Yakuman Wii?! WTF! Will this be a new Mario platformer for WiiWare? Wow! That would be something.


----------



## Hadrian (May 21, 2008)

irpacynot said:
			
		

> Yakuman Wii?! WTF! Will this be a new Mario platformer for WiiWare? Wow! That would be something.


Its Mahjong.


----------



## GeekyGuy (May 21, 2008)

Hadrian said:
			
		

> irpacynot said:
> 
> 
> 
> ...








Ahh...I thought Yakuman was the name they had for Mario in Japanese.
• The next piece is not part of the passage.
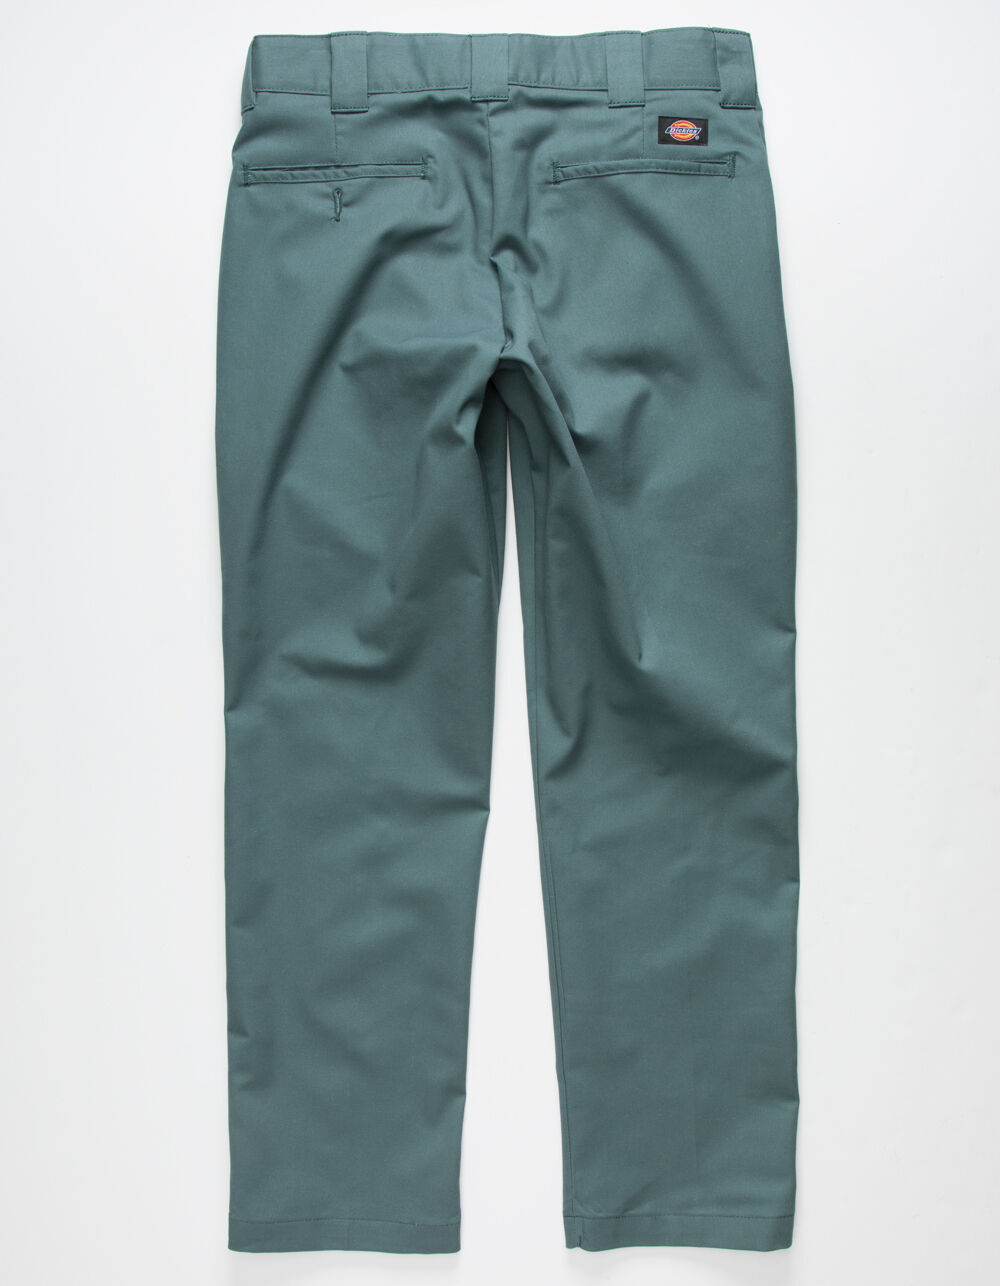 875 Tapered Fit Pants in Lincoln Green - Glue Store

That's too bad.


----------



## Jax (May 21, 2008)

irpacynot said:
			
		

> Hadrian said:
> 
> 
> 
> ...



Wha?


----------



## Hadrian (May 21, 2008)

irpacynot said:
			
		

> Hadrian said:
> 
> 
> 
> ...


Mario is Mario there.


----------



## Hit (May 21, 2008)

* Fatal Frame IV
* Wii Chess (out in Europe already) (This 28MB(Trimmed) game isn't even worth WiiWare)
* Disaster: Day of Crisis (delayed)
* Mario Super Sluggers (What?)
* Wii Music (Sigh)
* Kirby (DS Game was fun Hope Wii version will also be fun)
* Animal Crossing Wii (YES!!!)


----------



## Minox (May 21, 2008)

Hit said:
			
		

> * Fatal Frame IV
> * Wii Chess (out in Europe already) (This 28MB(Trimmed) game isn't even worth WiiWare)
> * Disaster: Day of Crisis (delayed)
> * Mario Super Sluggers (What?)
> ...


Why aren't you looking forward to Hoshi no Kaabii: Ultra Super Deluxe?


----------



## BakuFunn (May 21, 2008)

YAY i want the kirby for DS and DS air. (jet impulse i think)
I really want a wii, but i spent that money on a psp.


----------



## Hadrian (May 21, 2008)

Hit said:
			
		

> * Mario Super Sluggers (What?)


Its the Baseball game, sequel to the GameCube one but with an all new engine apparently.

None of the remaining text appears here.